Table[method -> Norm[Table[Module[{
A = RandomReal[{0, 10.^11}, {20, 20}],
b = RandomReal[{0, 10.^11}, {20}]},
Norm[
LinearSolve[A, b, Method -> "Krylov"] -
LinearSolve[A, b,
Method -> {"Krylov", "Method" -> method}], \[Infinity]]
], {k, 100}], \[Infinity]], {method, {"GMRES", "BiCGSTAB",


{"GMRES" -> 8.85677, "BiCGSTAB" -> 0., "ConjugateGradient" -> 5.51835*10^17}

With a similar technique I discovered that the default preconditioner is probably "ILUT":

Table[preconditioner -> Norm[Table[Module[{
A = RandomReal[{0, 10.^11}, {20, 20}],
b = RandomReal[{0, 10.^11}, {20}]},
Norm[
LinearSolve[A, b, Method -> "Krylov"] -
LinearSolve[A, b,
Method -> {"Krylov",
"Preconditioner" -> preconditioner}], \[Infinity]]
], {k, 100}], \[Infinity]], {preconditioner, {None, "ILU0",
"ILUT", "ILUTP"}}]


{None -> 30.8518, "ILU0" -> 6.6984*10^-6, "ILUT" -> 0., "ILUTP" -> 3.07847*10^-6}

To eventually diagnose convergence problems, it is useful to check the residual. Unfortunately there is not a direct way to do this. An idea to do this, a posteriori, can be to take advantage of "ResidualNormFunction" and Sow. It important to know that the default "ResidualNormFunction" it's probably the 2-Norm.

Table[norm -> Norm[Table[Module[{
A = RandomReal[{0, 10.^11}, {20, 20}],
b = RandomReal[{0, 10.^11}, {20}]},
Norm[
LinearSolve[A, b, Method -> "Krylov"] -
LinearSolve[A, b,
Method -> {"Krylov",
"ResidualNormFunction" -> (Norm[#, norm] &)}], \[Infinity]]
], {k, 100}], \[Infinity]], {norm, {1, 2, 3, 4, 5, \[Infinity]}}]

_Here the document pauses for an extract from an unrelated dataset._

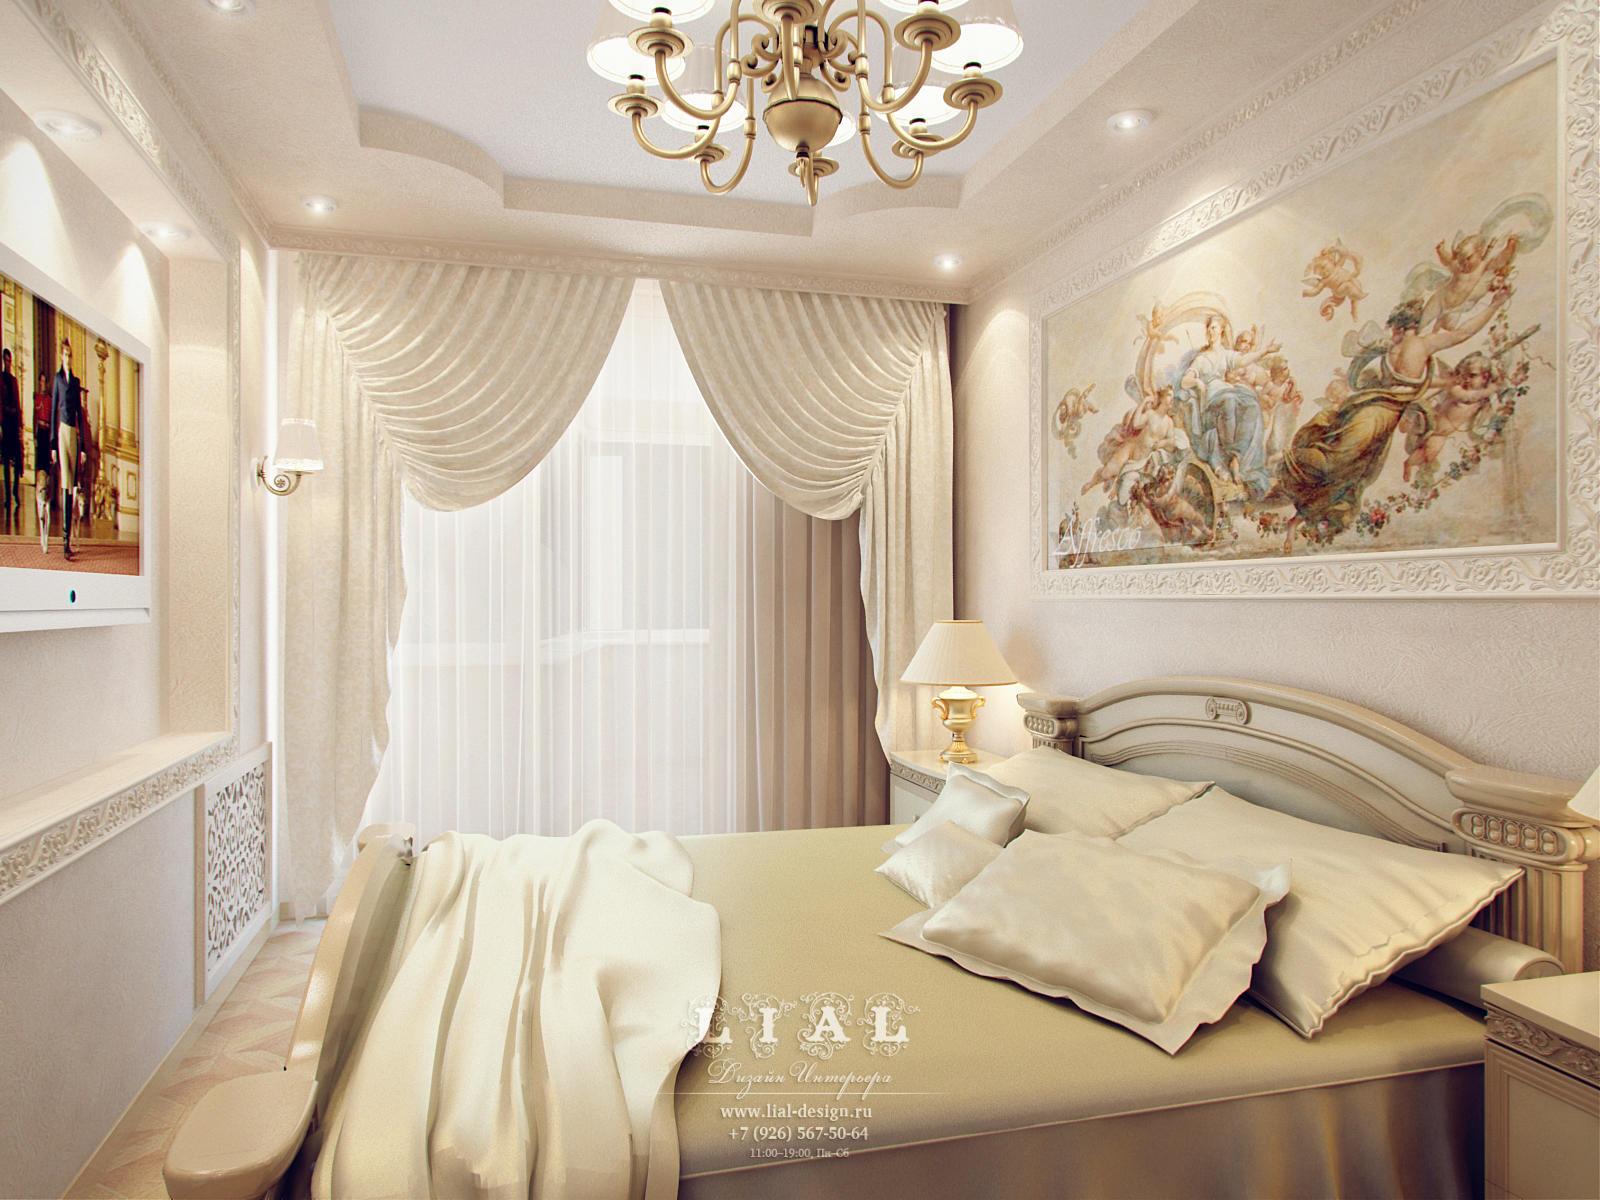 Дизайн интерьера бежевой спальни: фото интерьера 2016

{1 -> 1.05201*10^-7, 2 -> 0., 3 -> 8.79819*10^-8, 4 -> 1.72088*10^-7, 5 -> 1.07014*10^-6, [Infinity] -> 1.33178*10^-6}

Now setting

A = RandomReal[{0, 10.^11}, {20, 20}];
b = RandomReal[{0, 10.^11}, {20}];


and

{sol, {rlist, rnlist}} =
Reap@LinearSolve[A, b, Method -> {"Krylov", "Tolerance" -> 0.01,
"ResidualNormFunction" -> ((Sow[#, "v"]; Sow[Norm[#, 2]]) &)}];


The first vector submitted to "ResidualNormFunction" is always

rlist[]


{1., 1., 1., 1., 1., 1., 1., 1., 1., 1., 1., 1., 1., 1., 1., 1., 1., 1., 1., 1.}

The second is exactly the residual corresponding to a zero starting vector

A.Table[0, {20}] - b + rlist[]


{0., 0., 0., 0., 0., 0., 0., 0., 0., 0., 0., 0., 0., 0., 0., 0., 0., 0., 0., 0.}

But the last is not exactly the returned solution:

A.sol - b + rlist[[-1]] // Norm


0.00431624

The last residuals norm are

Take[rnlist, -10]


{48053.7, 48117.4, 45135.4, 34865.3, 31010.1, 30925.1, 26778.7, 10431.8, 9254.33, 111.13}

Now if I set a Tolerance

{sol, {rlist, rnlist}} =
Reap@LinearSolve[A, b, Method -> {"Krylov", "Tolerance" -> 0.1,
"ResidualNormFunction" -> ((Sow[#, "v"]; Sow[Norm[#, 2]]) &)}];
Take[rnlist, -10]


{8.39886*10^10, 8.65597*10^10, 7.88562*10^10, 4.39645*10^12, 1.56643*10^12, 4.2778*10^10, 3.357*10^10, 1.71505*10^11, 8.4448*10^10, 2.03388*10^10}

so the residual norm is not directly compared to the tolerance as a criteria to stop iterations. Moreover

{sol, {rlist, rnlist}} =
Reap@LinearSolve[A, b, Method -> {"Krylov", "MaxIterations" -> 30,
"ResidualNormFunction" -> ((Sow[#, "v"]; Sow[Norm[#, 2]]) &)}];
Length@rnlist


62

So the ResidualNormFunction is called twice per iteration?

Can someone explain all this behaviors and suggest proper interpretation and settings for these options?